→ AIM OF THE EXERCISE
Leave every picture out. Set down all the lines below exactly.

→ DATA BLOCK
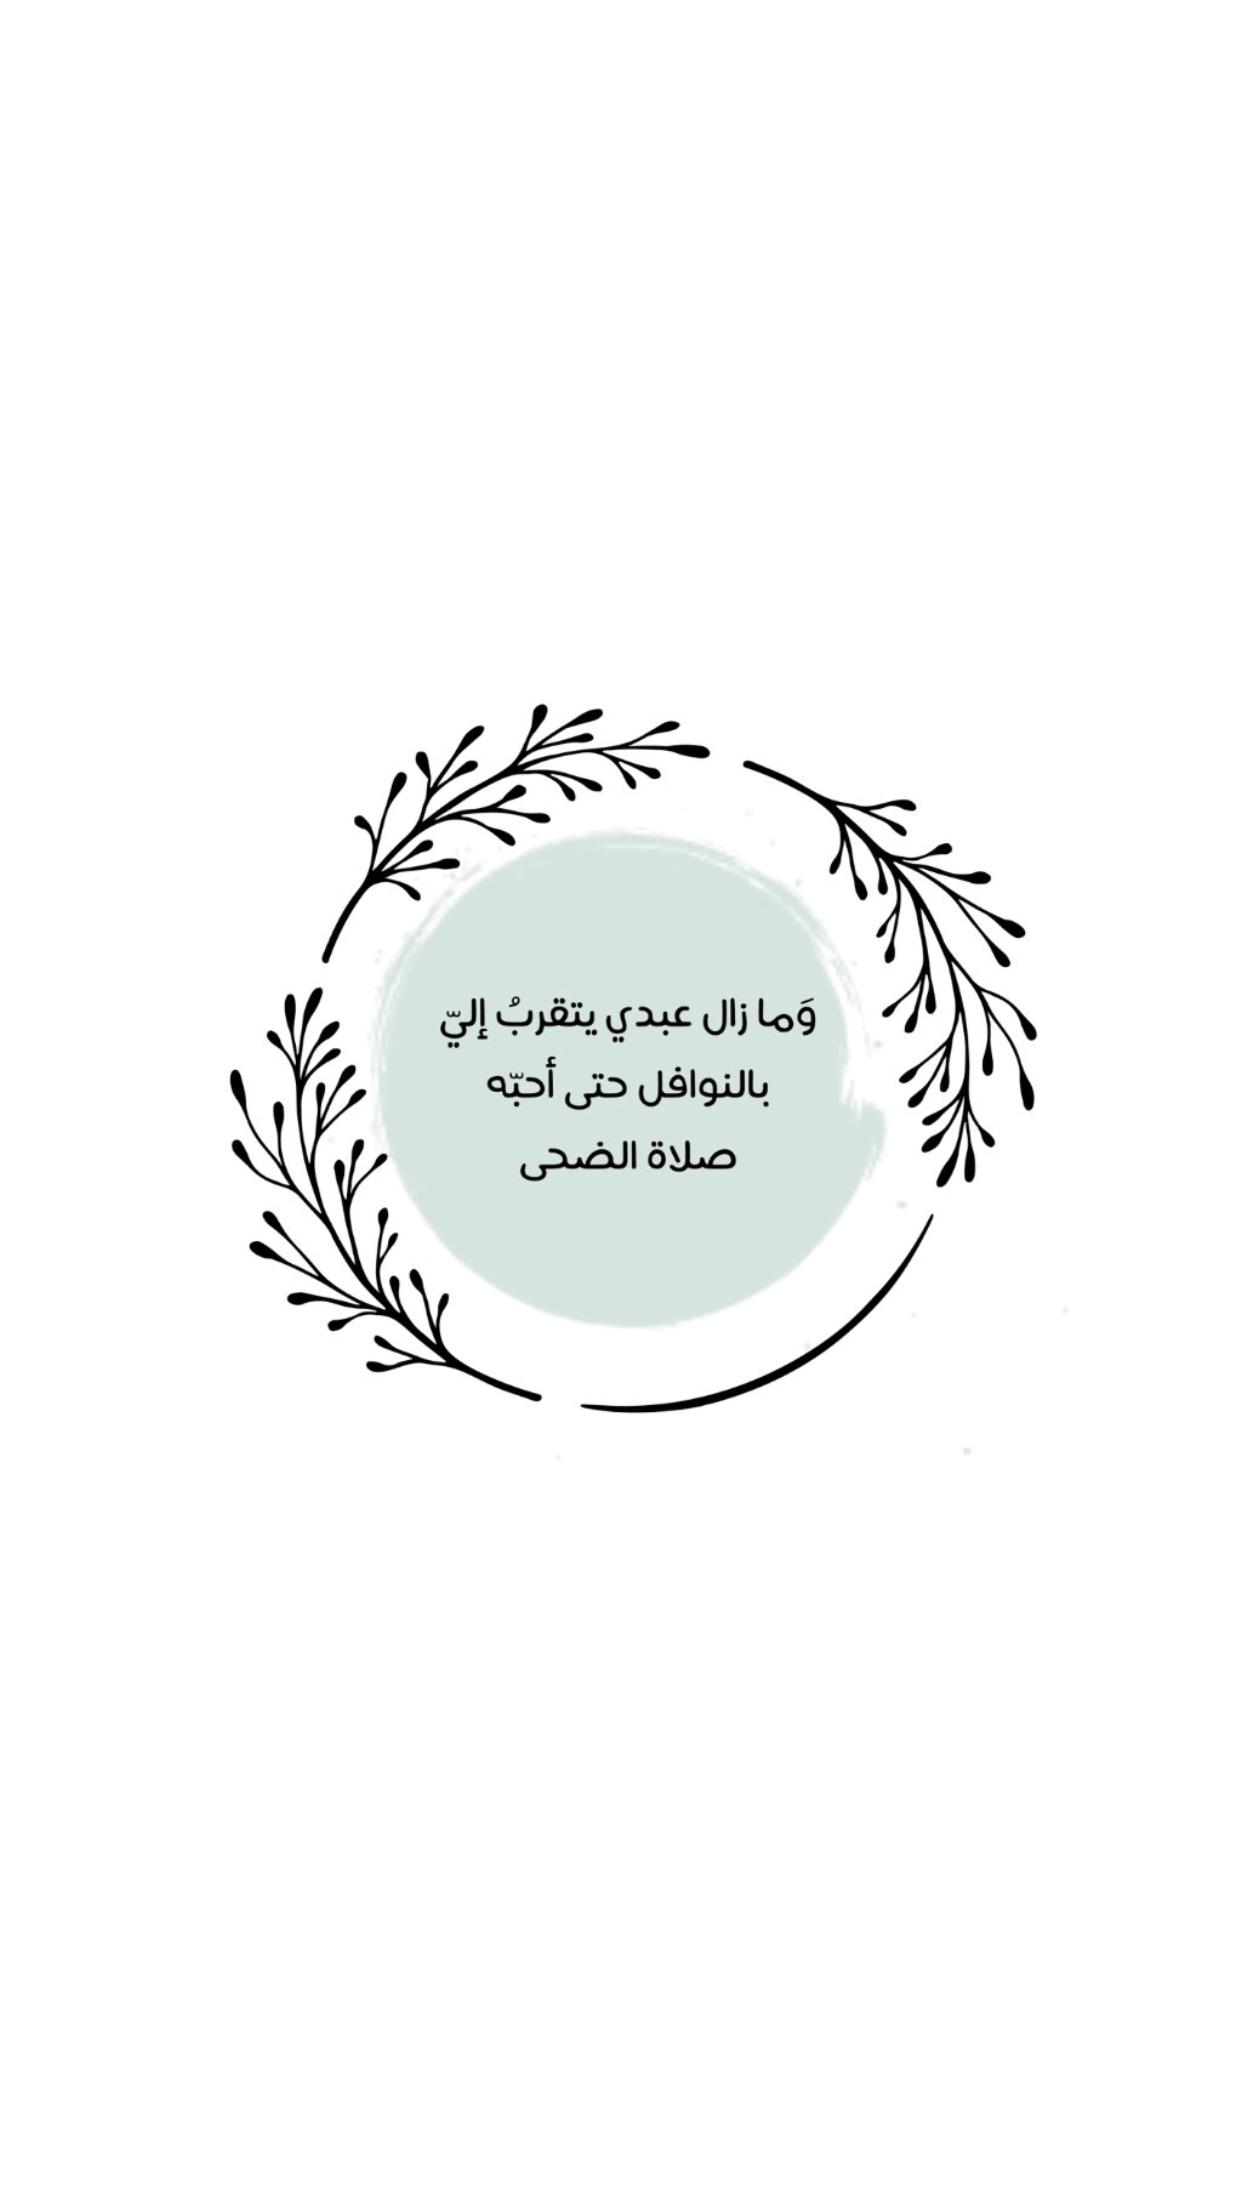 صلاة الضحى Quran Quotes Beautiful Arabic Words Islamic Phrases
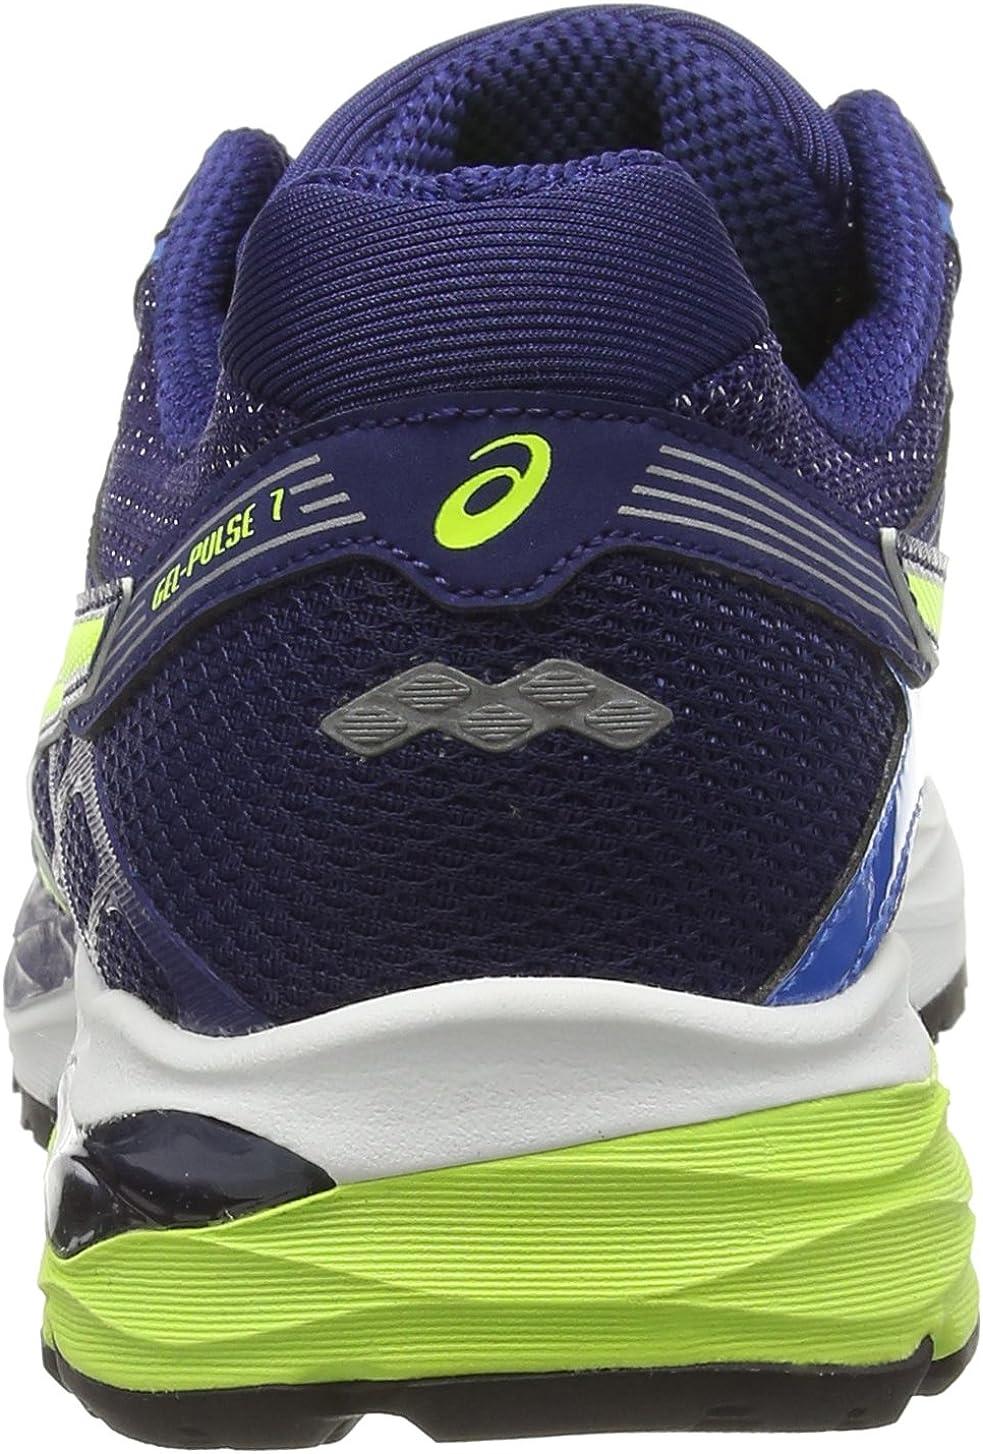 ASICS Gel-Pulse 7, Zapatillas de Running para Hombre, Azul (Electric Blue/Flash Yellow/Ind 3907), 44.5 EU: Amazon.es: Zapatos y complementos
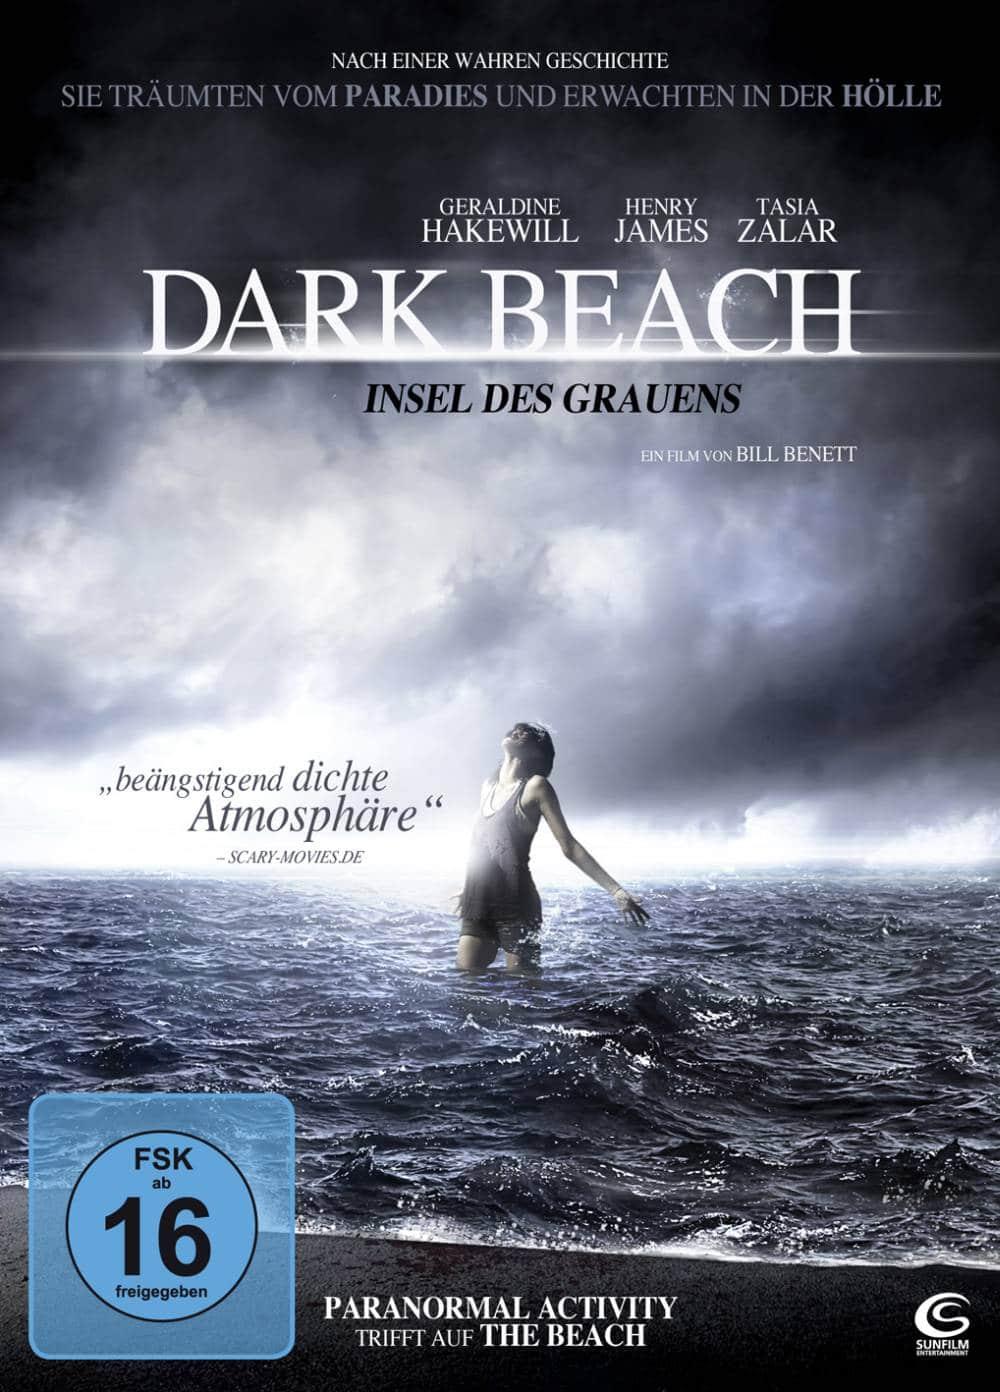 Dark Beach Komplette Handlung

→ SOLUTION TO THIS TASK
 صلاة الضحى Quran Quotes Beautiful Arabic Words Islamic Phrases
 ASICS Gel-Pulse 7, Zapatillas de Running para Hombre, Azul (Electric Blue/Flash Yellow/Ind 3907), 44.5 EU: Amazon.es: Zapatos y complementos
 Dark Beach Komplette Handlung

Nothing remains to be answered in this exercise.